If we perform $n$ trials of one ball at a time with replacement, the probability of the event $E$ to get $n$ times a black ball is $P(E)=\left(\frac{b}{u}\right)^n$, whereas the probability of the event $L$ to get at least one black ball is $P(L)=1-\left(\frac{u-b}{u}\right)^n$.

Let $X$ be the non-negative, integer-valued random variable representing the number of trials it takes to get a success for the event $E$, and $Y$ the non-negative, integer-valued random variable representing the number of trials it takes to get a success for the event $L$.

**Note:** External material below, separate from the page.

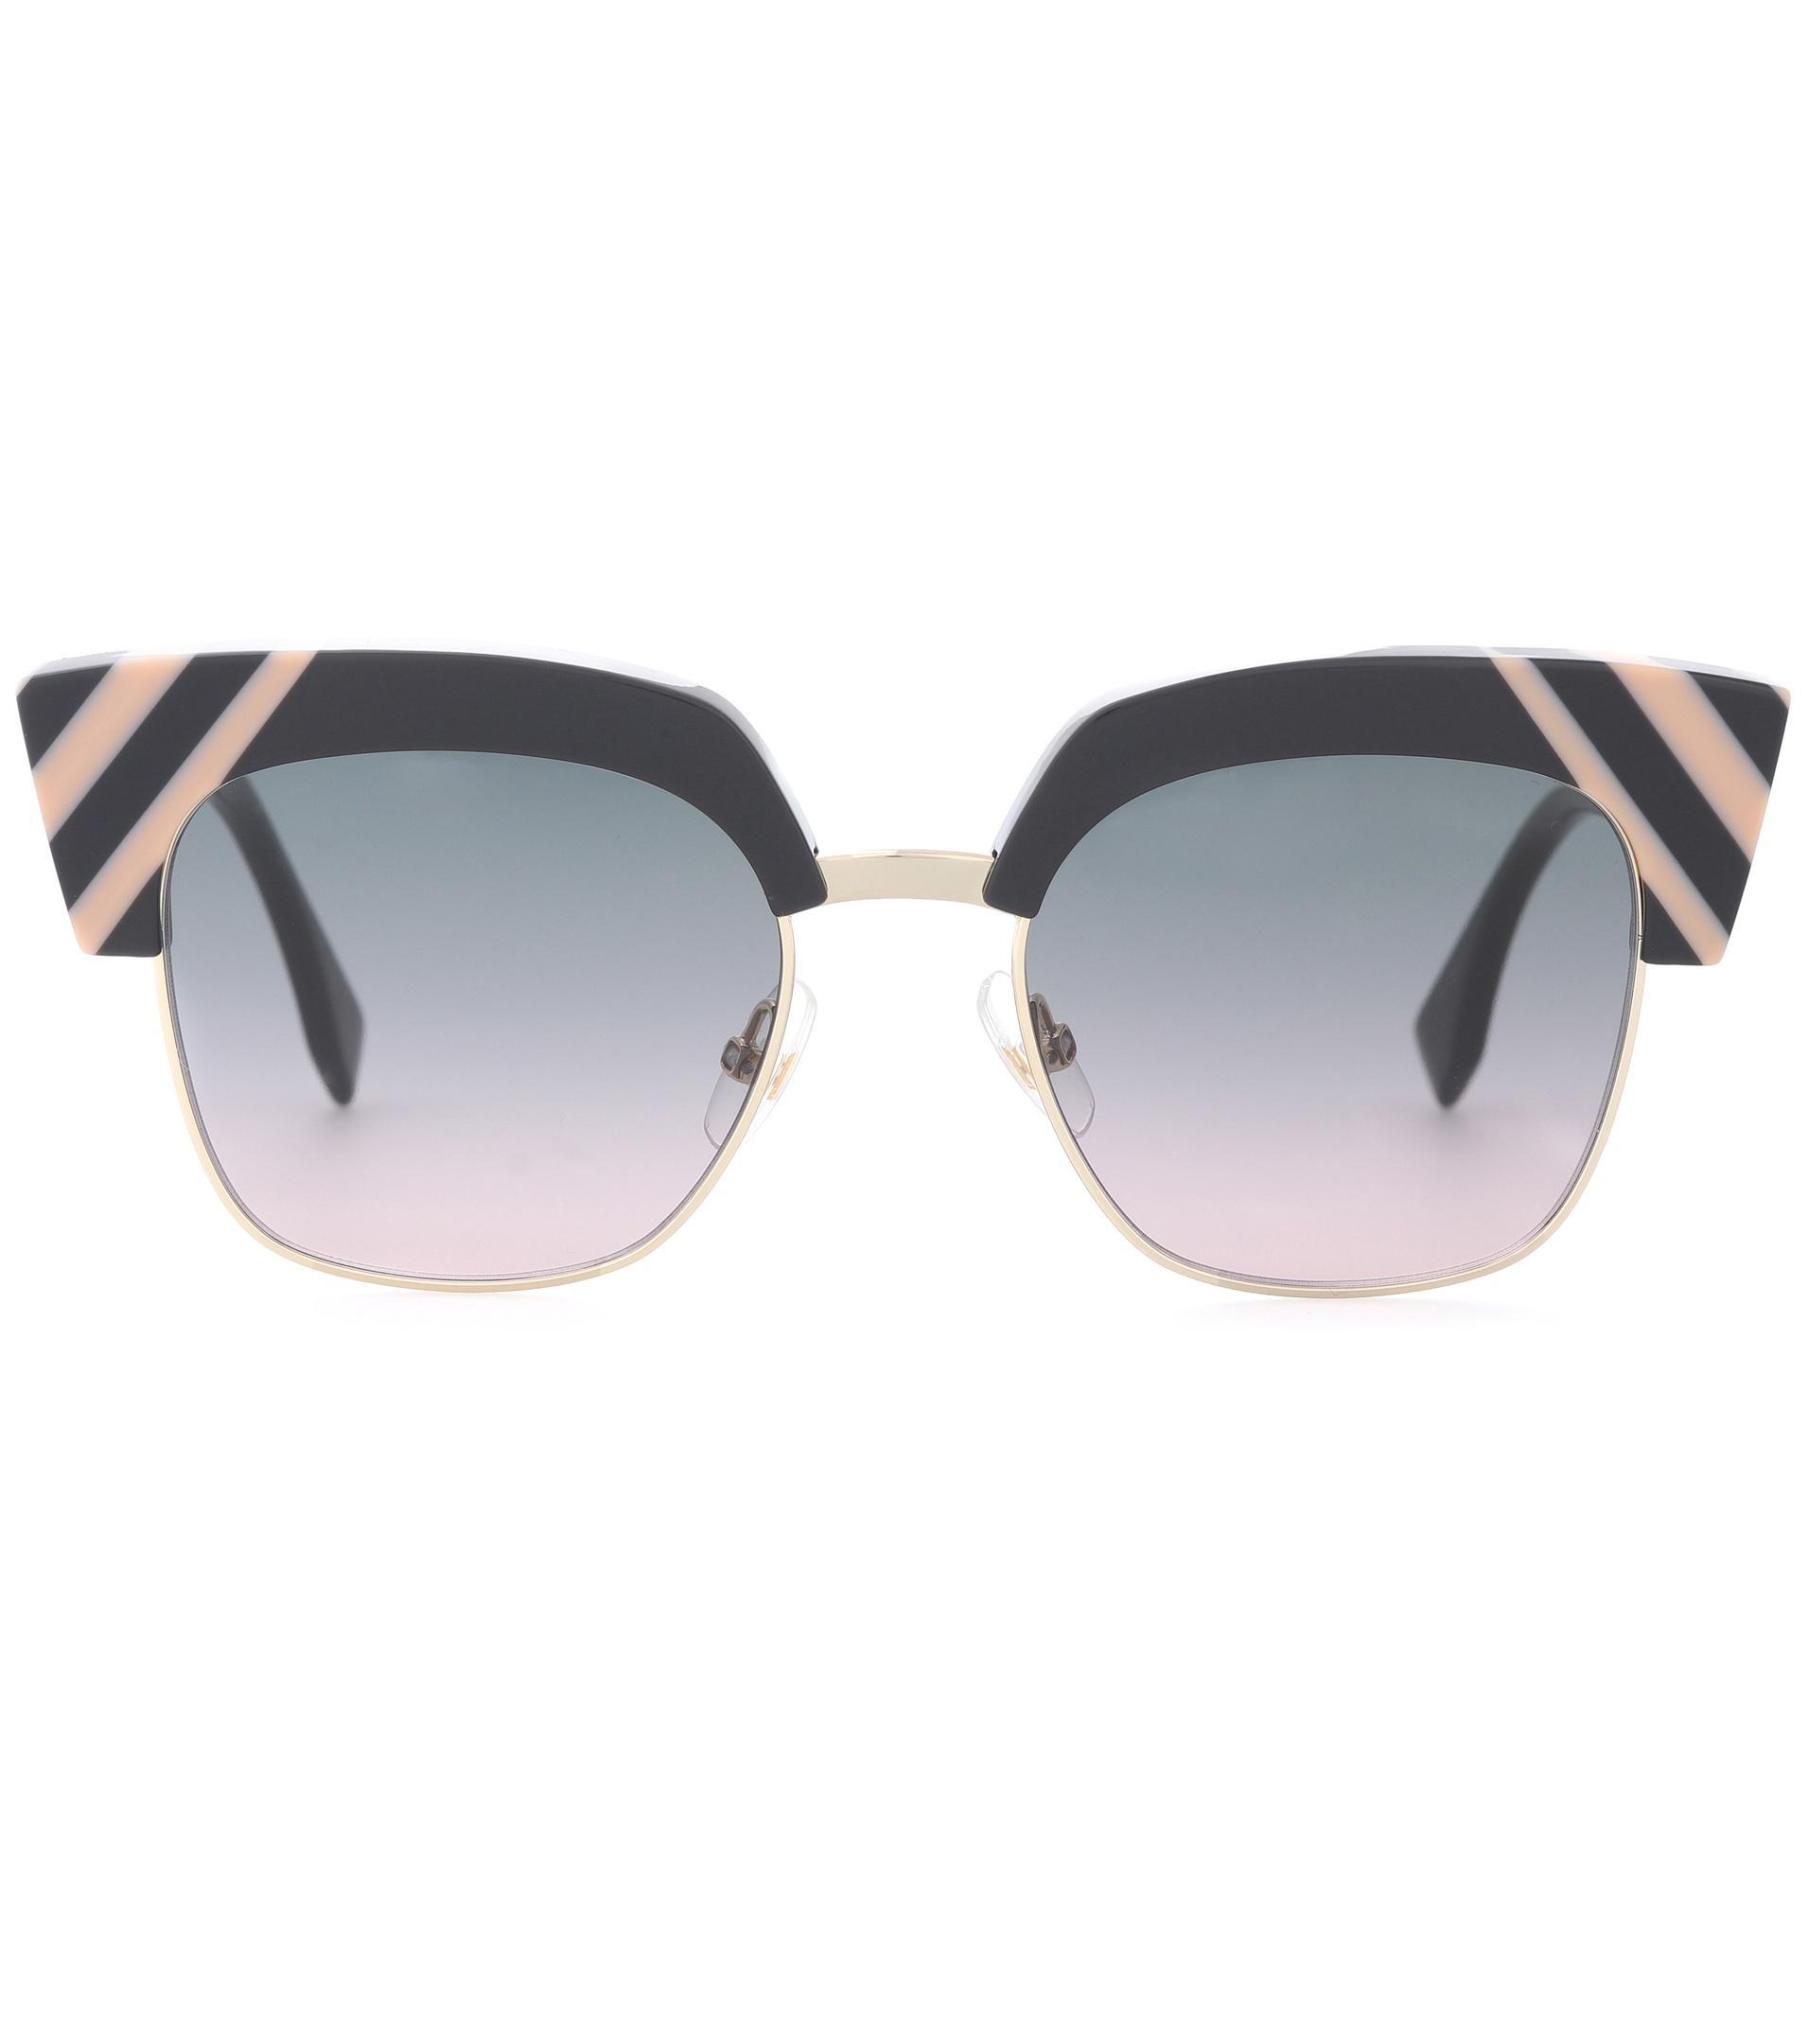 8c5517fc90 Lyst - Fendi Waves Sunglasses in Black

What are the expected values $\mathbb{E}[X]$ and $\mathbb{E}[Y]$?

My attempt for $\mathbb{E}[X]$:

I denote with $P(E;k)$ the probability to get a success for the event $E$ at the trial $k$.

The variable $X$ can assume only the value $n$, therefore, by definition it should be $$\mathbb{E}[X]=\sum_{k=1}^n k P(E;k)=\sum_{k=1}^n k P(E)\delta_{n,k}=nP(E).$$

My attempt for $\mathbb{E}[Y]$:

I denote with $P(L;k)$ the probability to get a success for the event $L$ at the trial $k$.

The variable $Y$ can assume any value from $1$ to $n$, therefore, by definition, it should be $$\mathbb{E}[Y]=\sum_{k=1}^n k P(L;k)=\sum_{k=1}^n k \left[1-\left(\frac{u-b}{u}\right)^k\right].$$

Are these calculations correct?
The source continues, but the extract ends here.